Monday, July 16, 2012

Econophysics of growth

It is sometimes saddening to see how Economics is currently being criticized for its failure to predict this and that. While at least economists realize that things are not that simple, non-economists have been really silent in offering concrete alternatives, or at least some that would be workable within a decade. Except for the econophysicists, who have no shortage of wacky ideas. They are always good to brighten your days, making you realize that Economics is after all in much better shape than we think.
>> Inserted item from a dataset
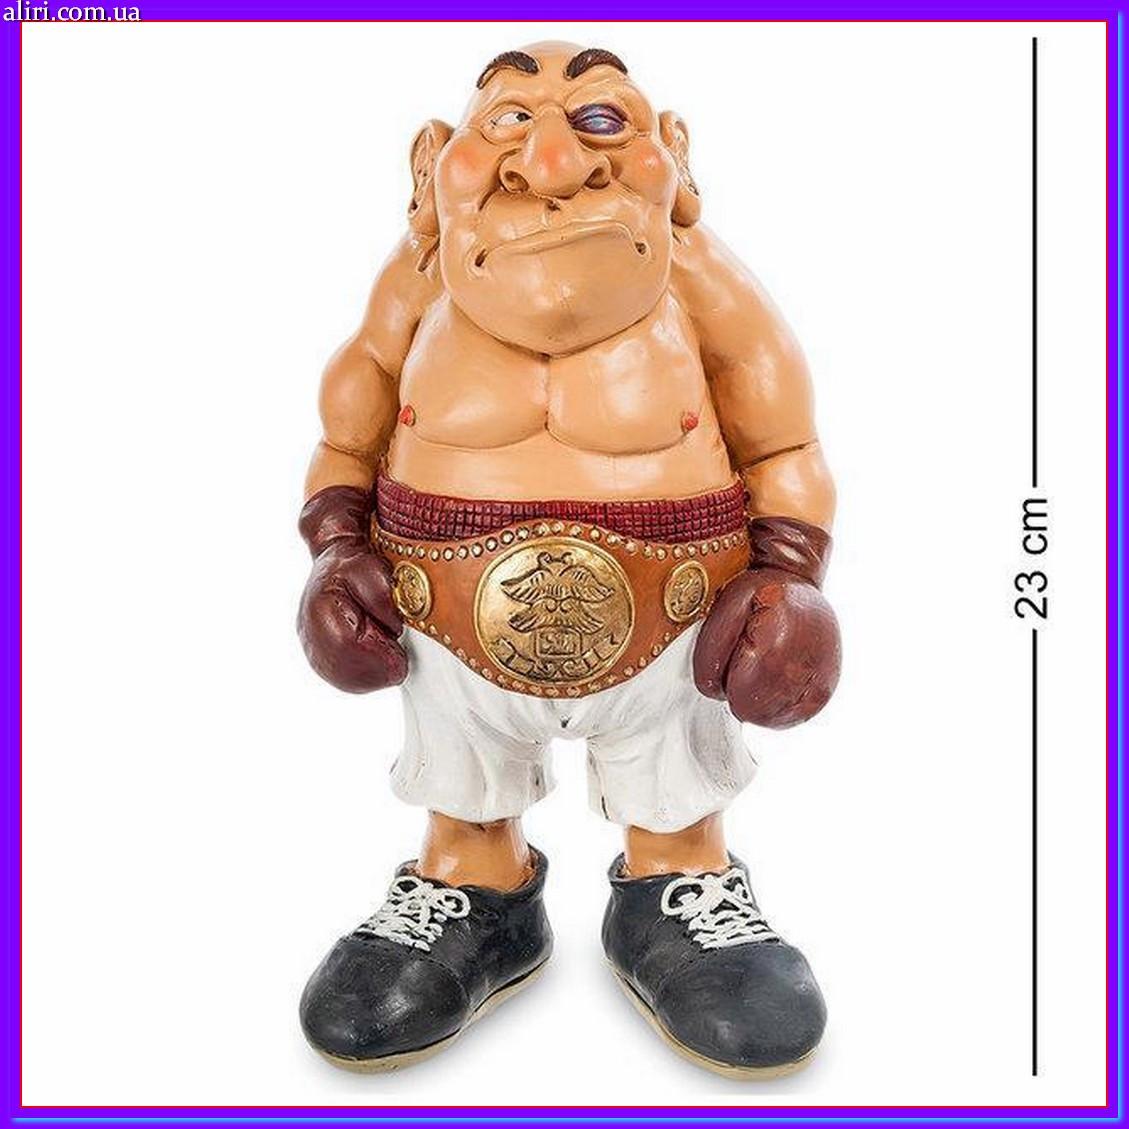 Статуэтка Боксер 22 см W.Stratford, прикольный подарок спортсмену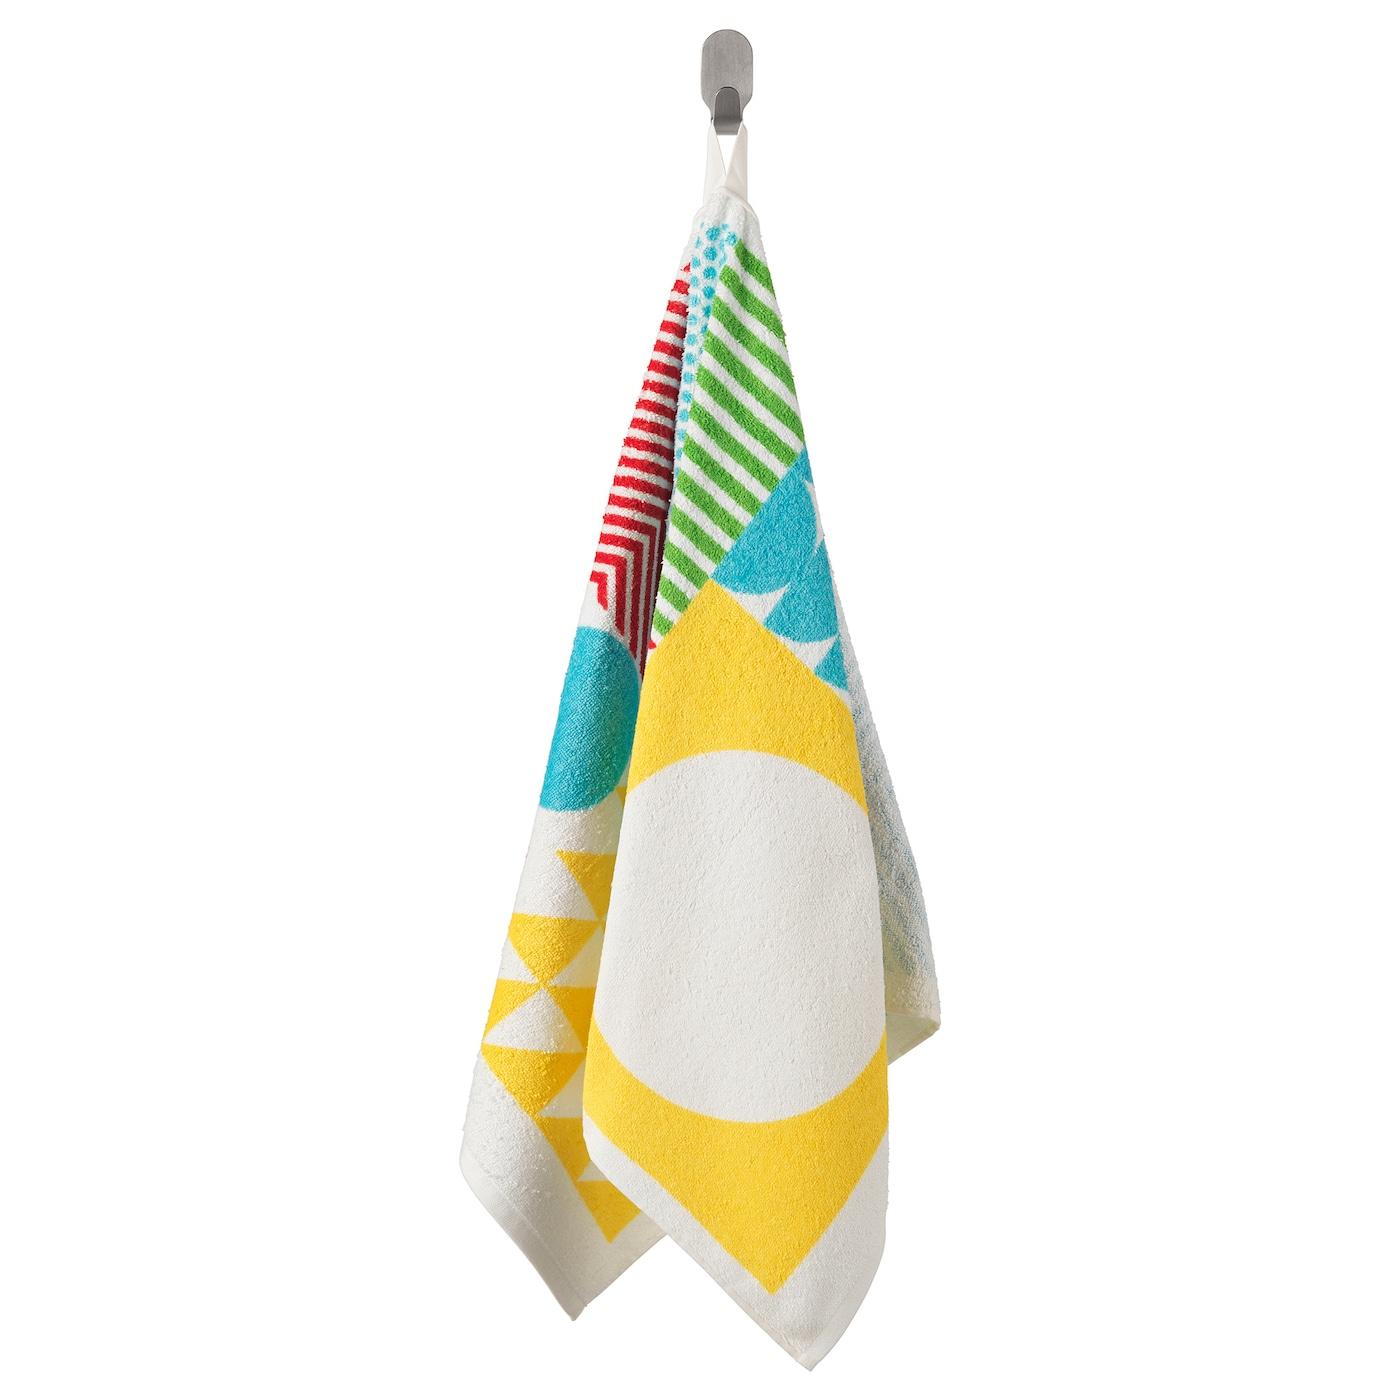 Nimmern toalla de mano multicolor 50 x 100 cm ikea - Toallas de bano ikea ...

My latest read was a paper by Hans Danielmeyer and Thomas Martinetz who have come to the realization that Robert Solow's 1956 growth theory is missing leisure and Economics has been in dire straights ever since. Because, you know, there are only 24 hours in a day. How could Macroeconomics have done without labor demand and supply? How could we have missed that long-term per-capita growth depends primarily on labor hours? Actually it does not. Growth accounting reveals that the labor input plays only third fiddle to total factor productivity, physical capital and possibly even human capital. But wait, Danielmeyer and Martinetz are even more innovative than I thought. They discover human capacity, which is general knowledge embodied through education. Quick, someone call Paul Romer.

This is truly path-breaking work we have here. The consequences are immense. As human capacity is limited, after all we are not omnipotent, growth will come to a halt. I eagerly await the authors' discovery of computers and technical progress. There is even a quantitative evaluation of the theory, which has much broader scope than you would expect. Indeed, it can explain the over-valuation of real estate in Japan, the 2008 banking crash can be traced back to policy makers neglecting the trade-off between growth and national wealth, and we face a "convergence crisis" in the 2040's because of stagnant human capacity. Fascinating.

Friday, July 13, 2012

Is a lost decade ahead?

It is quite obvious that the current economic situation in both Europe and the United States is not healthy. It has been argued that in both cases policy uncertainty or the inability of authorities to take decisions are detrimental to economic activity, and private investment in particular. It is not difficult to rationalize this with simple theory. The question is whether this could have some longer term consequences.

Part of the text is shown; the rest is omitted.